Channel 9 has investigated Todd Coontz for years.

During sentencing, the judge said Coontz acted in “arrogant and disrespectful ways” regarding the laws of this country and used a “long-term effort to minimize his income improperly and maximize his business expenses improperly.” The judge also called Coontz a scofflaw, which is someone who flouts the law.

Meanwhile, a group that fights religious fraud wants the IRS to revoke the tax-exempt status of Coontz's Rockwealth International Ministries.

The Trinity Foundation sent Channel 9 a 15-page report explaining why the IRS should revoke the status.

"He's been living the high life with exotic cars and exotic residences," Pete Evans, with The Trinity Foundation, said.

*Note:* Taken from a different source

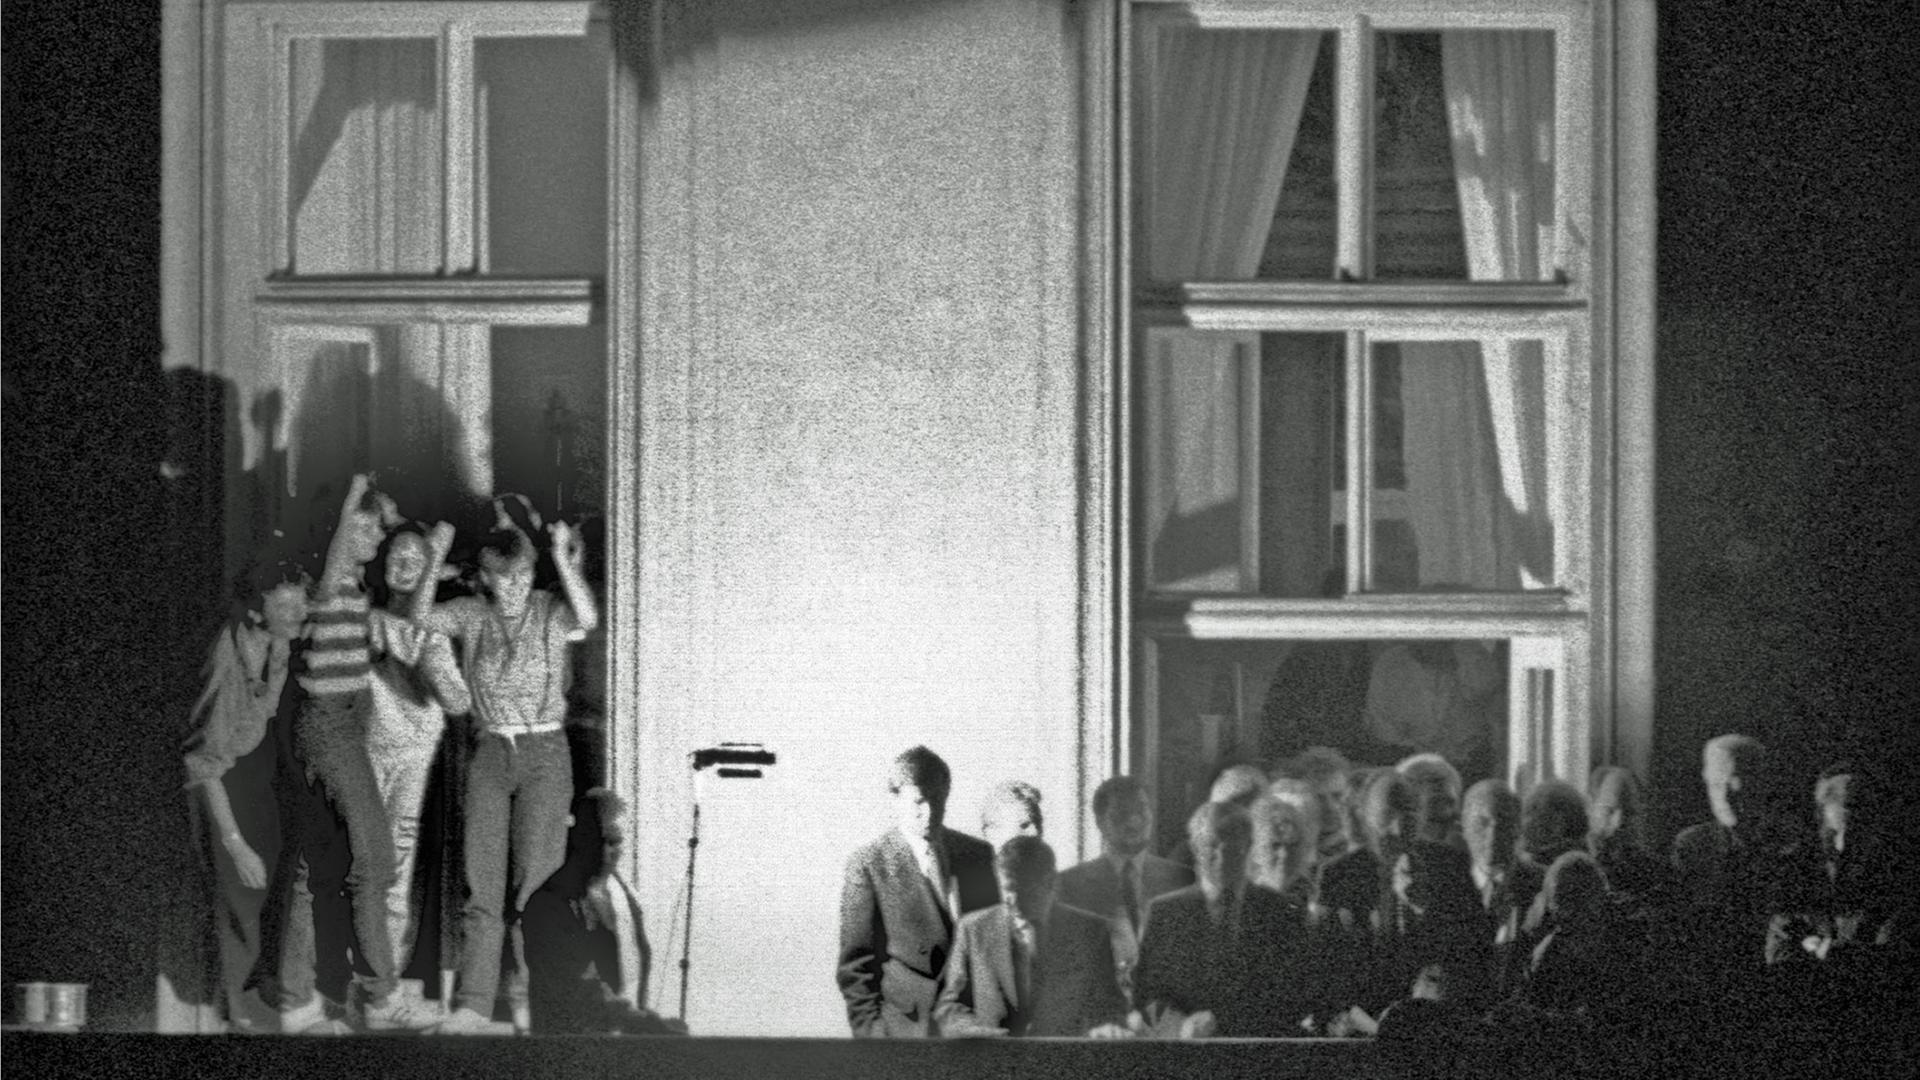 Bundesaußenminister Hans-Dietrich Genscher (Mitte vor dem Fensterkreuz rechts) verkündet am 30.09.1989 kurz vor 19 Uhr auf dem Balkon der Deutschen Botschaft in Prag: "Wir sind heute zu Ihnen gekommen, um Ihnen mitzuteilen, dass heute Ihre Ausreise....". Der weitere Wortlaut der Ankündigung der bechlossenen Ausreise der DDR-Flüchtlinge, die im Hof der Botschaft campierten, ging in tosendem Jubel unter.
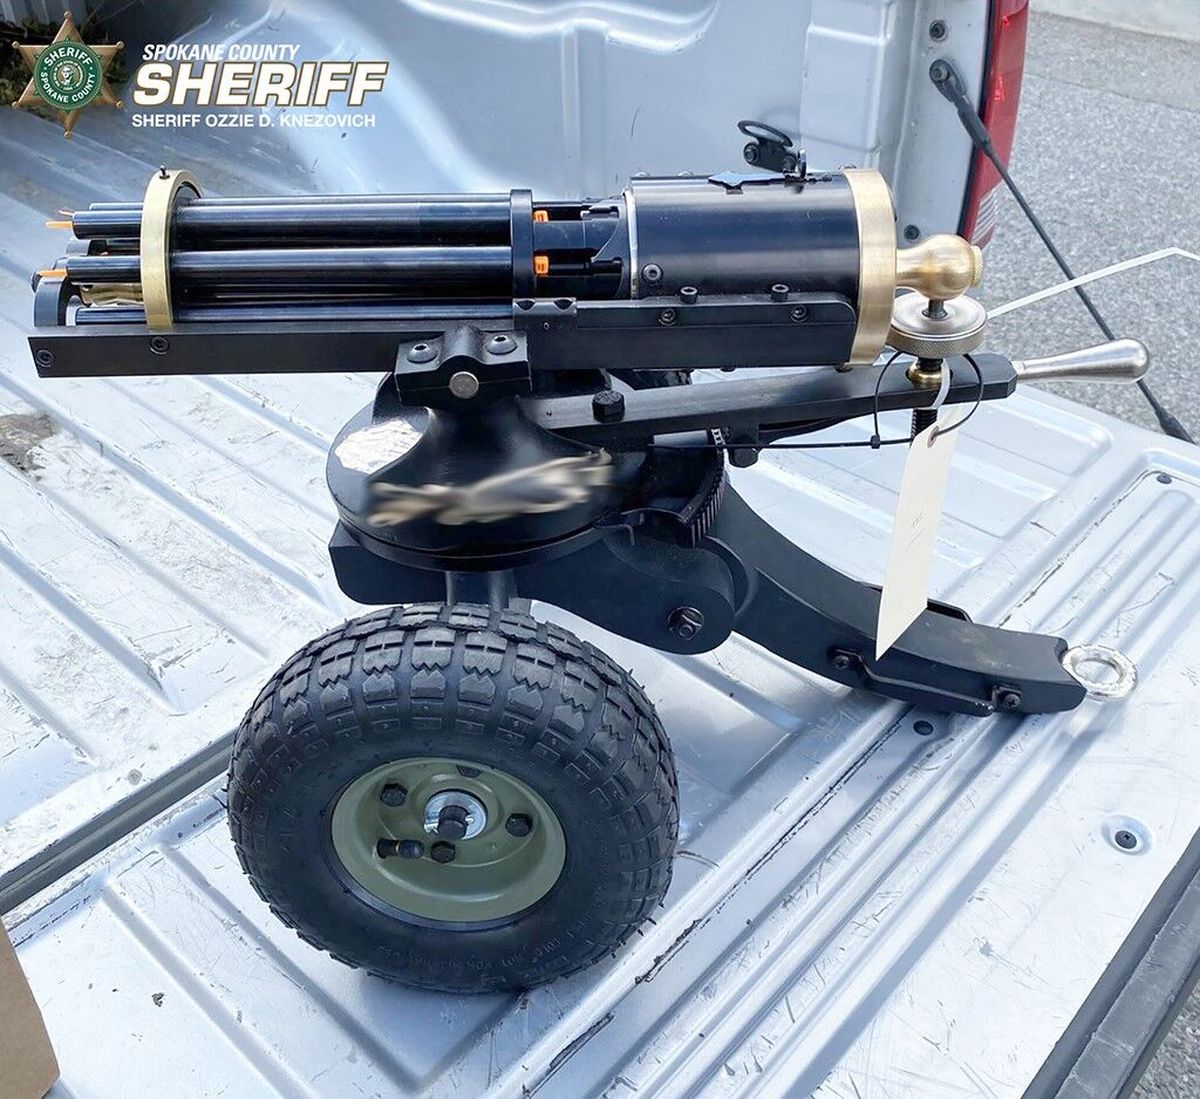  Tippman Armory Gatling Gun.  (Spokane County Sheriff

[Televangelist with ties to Charlotte indicted after Channel 9 investigation]

“Trinity Foundation has been investigating religious organizations for over 25 years and from our standpoint, this organization is a scam. It is not a real church,” the organization said.


The Secret Service started looking into Coontz and Rockwealth Ministries as a result of Channel 9's investigations that started more than six years ago.

Coontz promised financial miracles to people who sent money to his ministry.

Channel 9 found he was living in a million-dollar condo and had a Ferrari and Maserati titled in the name of the ministry. Prosecutors said Coontz also had three BMWs, two Ferraris, a Land Rover and a Regal 2500 boat.

On Tuesday, the judge said Coontz could serve his time in a prison near his home in Fort Lauderdale, Florida. The judge also ordered him to serve one year under court supervision after he is released from prison and to pay $755,669 in restitution.

Prosecutors claim Coontz's accountants tried to warn him about his spending, but that he ignored them.

Coontz hid receipts and iPads after he caught wind of the investigation surrounding his ministry, prosecutors said.

Coontz's lawyers said Rockwealth International did good work and spent $1.5 million to feed the hungry.

They said he was going through a hard time. His mother and two brothers died and he had gone through two divorces.

His second ex-wife provided the IRS with more evidence against him.